WORK ITEM:
Go through the data below and return each line containing the word "Color".

START SUPPLIED MATERIAL

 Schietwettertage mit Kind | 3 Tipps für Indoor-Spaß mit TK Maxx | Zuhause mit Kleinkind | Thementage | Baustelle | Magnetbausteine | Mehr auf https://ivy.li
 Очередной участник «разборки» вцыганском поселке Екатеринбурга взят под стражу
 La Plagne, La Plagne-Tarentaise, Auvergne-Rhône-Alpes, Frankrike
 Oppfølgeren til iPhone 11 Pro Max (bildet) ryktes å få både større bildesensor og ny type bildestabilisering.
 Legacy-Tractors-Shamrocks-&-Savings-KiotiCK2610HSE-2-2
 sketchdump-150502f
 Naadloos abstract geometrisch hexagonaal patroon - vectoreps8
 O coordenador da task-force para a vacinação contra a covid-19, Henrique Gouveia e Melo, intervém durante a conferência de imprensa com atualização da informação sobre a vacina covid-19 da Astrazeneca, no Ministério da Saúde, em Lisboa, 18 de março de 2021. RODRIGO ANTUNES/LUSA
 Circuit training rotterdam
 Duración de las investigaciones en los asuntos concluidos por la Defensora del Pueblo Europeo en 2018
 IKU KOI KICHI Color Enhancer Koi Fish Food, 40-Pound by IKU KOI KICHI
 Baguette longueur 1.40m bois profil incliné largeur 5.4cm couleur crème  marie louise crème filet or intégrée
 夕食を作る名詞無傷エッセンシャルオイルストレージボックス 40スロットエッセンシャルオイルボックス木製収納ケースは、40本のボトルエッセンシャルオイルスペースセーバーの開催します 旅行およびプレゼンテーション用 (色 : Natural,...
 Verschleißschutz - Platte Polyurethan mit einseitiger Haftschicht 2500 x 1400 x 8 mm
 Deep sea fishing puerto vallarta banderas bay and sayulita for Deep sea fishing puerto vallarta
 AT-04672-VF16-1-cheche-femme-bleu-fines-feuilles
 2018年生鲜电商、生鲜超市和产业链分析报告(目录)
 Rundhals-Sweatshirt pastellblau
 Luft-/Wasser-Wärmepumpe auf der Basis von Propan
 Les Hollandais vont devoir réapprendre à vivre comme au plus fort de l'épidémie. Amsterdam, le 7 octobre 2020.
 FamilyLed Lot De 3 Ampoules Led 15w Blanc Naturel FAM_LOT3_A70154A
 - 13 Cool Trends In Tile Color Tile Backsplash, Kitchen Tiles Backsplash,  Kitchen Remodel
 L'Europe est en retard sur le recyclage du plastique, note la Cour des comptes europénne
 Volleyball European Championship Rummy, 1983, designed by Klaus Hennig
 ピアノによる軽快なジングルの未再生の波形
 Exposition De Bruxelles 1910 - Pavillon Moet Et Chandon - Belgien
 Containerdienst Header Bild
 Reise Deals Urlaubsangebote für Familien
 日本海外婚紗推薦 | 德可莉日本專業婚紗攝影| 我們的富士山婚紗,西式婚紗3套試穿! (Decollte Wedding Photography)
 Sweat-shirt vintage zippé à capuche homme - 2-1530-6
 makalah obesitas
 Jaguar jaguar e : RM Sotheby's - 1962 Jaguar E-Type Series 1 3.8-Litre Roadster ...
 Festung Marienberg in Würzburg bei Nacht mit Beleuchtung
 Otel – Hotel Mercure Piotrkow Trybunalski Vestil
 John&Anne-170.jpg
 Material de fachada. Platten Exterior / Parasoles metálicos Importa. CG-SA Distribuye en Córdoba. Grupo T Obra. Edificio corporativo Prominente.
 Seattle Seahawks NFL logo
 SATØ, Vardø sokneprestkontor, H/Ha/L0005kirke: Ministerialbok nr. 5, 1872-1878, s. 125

END SUPPLIED MATERIAL

SOLUTION TO THIS PROBLEM:
 IKU KOI KICHI Color Enhancer Koi Fish Food, 40-Pound by IKU KOI KICHI
 - 13 Cool Trends In Tile Color Tile Backsplash, Kitchen Tiles Backsplash,  Kitchen Remodel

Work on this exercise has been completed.